Figure 5. S/N comparison heat map plot for Quarter 0 of KIC 8219268 showing the manifestation of cross-talk.

Standard image High-resolution image

3. RE-EXTRACTION OF NEW LIGHT CURVES

Once the source of the binary signal is identified, a new light curve can be extracted by assigning a custom aperture in the TPF. Re-extraction is only done for target–object false positives because both members of a target–target false positive pair already have light curves associated with them. Using the false positive TPF, the re-extraction process is comprised of several automated steps and results in three new light curves generated for the true source of the binary signal for each quarter of available data. These light curves are generated by optimizing the signal-to-noise ratio (S/N light curve), percent eclipse depth (PED light curve), and flux eclipse depth (FED light curve). The S/N light curve is meant to minimize the noise and be most similar to the original integrated aperture light curve. The PED light curve is meant to give the most accurate PED, and the FED light curve is meant to capture all pixels with non-negligible contributions to the total FED of the TPF.
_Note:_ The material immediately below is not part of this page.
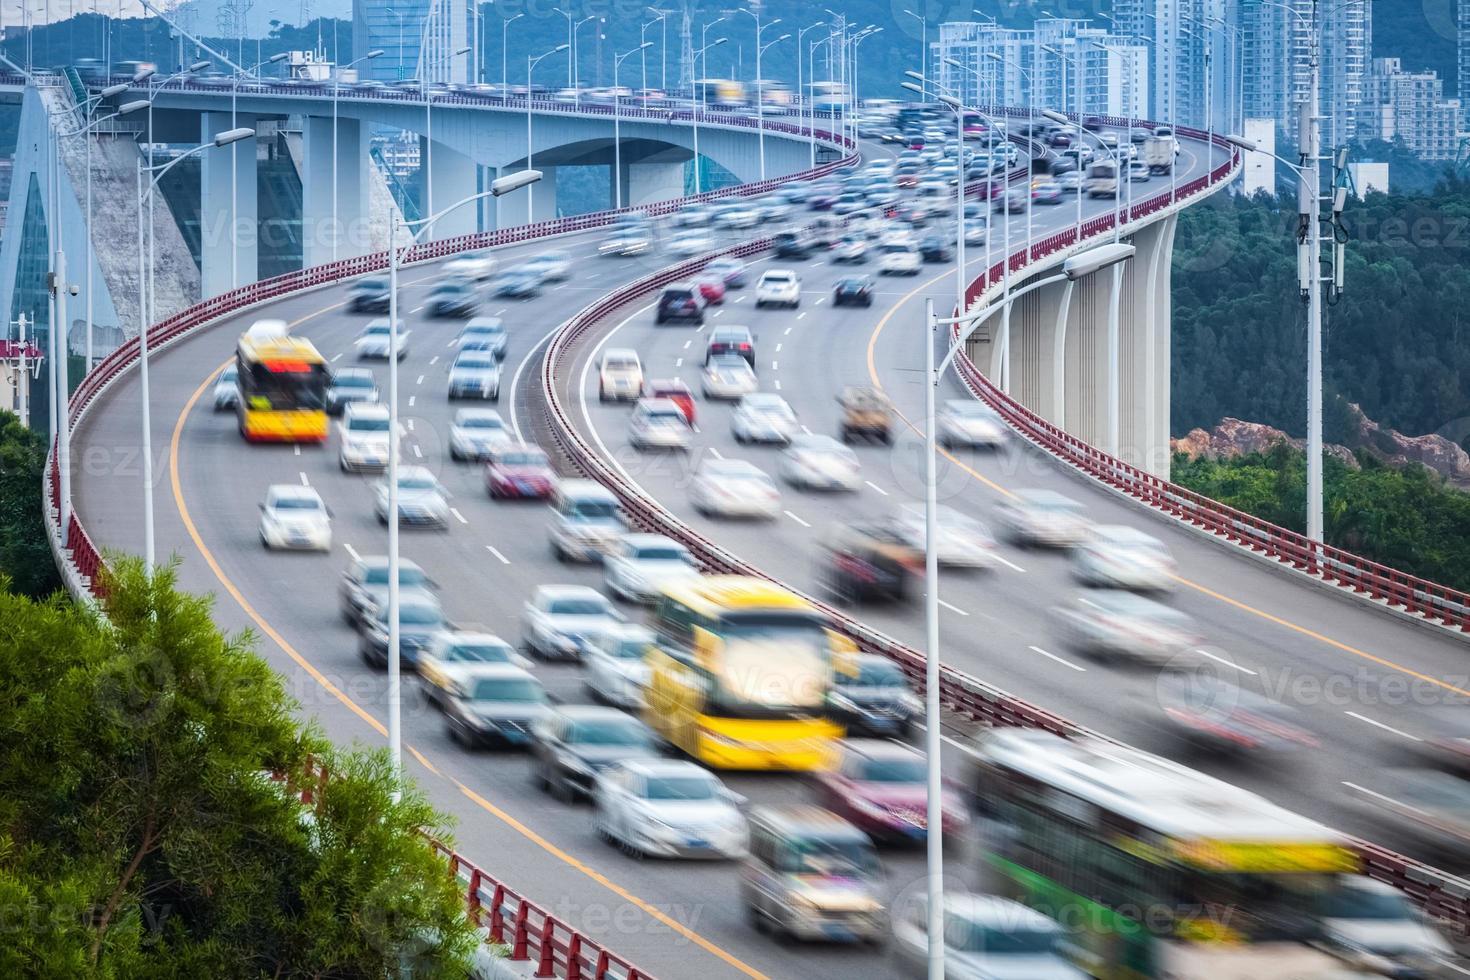 Desenfoque de movimiento de vehículos en el puente foto

Before re-extracting the new light curves, we obtain the S/N, the PED, and the FED for the original false positive integrated aperture light curve. The FED can be obtained by measuring the difference between the out-of-eclipse flux and the in-eclipse flux. These flux values are determined by first fitting polyfits to the in-eclipse and out-of-eclipse regions, and then using the returned statistics, which include the in-eclipse and out-of-eclipse boundaries (Prša et al. 2008). The in-eclipse flux is determined by taking the median of the flux values of the middle 20% of the in-eclipse region surrounding the zero phase, and the out-of-eclipse flux is determined by taking the median of the flux values of the out-of-eclipse region. The PED is then determined by dividing the FED by the out-of-eclipse flux. The S/N is determined by first subtracting the polyfit solution from the phase-folded light curve. The noise is determined by calculating the standard deviation of the out-of-eclipse region and then the FED is divided by the noise to obtain the S/N.

The same calculations for the S/N, PED, and FED are carried out for each pixel in the TPF window. The next step is to calculate the FED light curve, which contains at least 99% of the total eclipsing binary signal seen in the TPF. To do this we first calculate the total FED of the binary signal by adding the FEDs of each pixel in the TPF. Starting with the pixel with the largest FED, we progressively add an additional pixel with the next largest FED until the new FED is greater than 99% of the total FED of the TPF. The pixels that were chosen are combined into a new mask. Since the FED light curve is meant to capture all pixels with eclipse signals that contribute to the total FED of the TPF, no limit is placed on the number of pixels allowed in the aperture. The pixels chosen are not required to be adjacent to one another but typically they are adjacent. Cases where the pixels in the aperture are not adjacent include low S/N binaries and optical cross-talk events.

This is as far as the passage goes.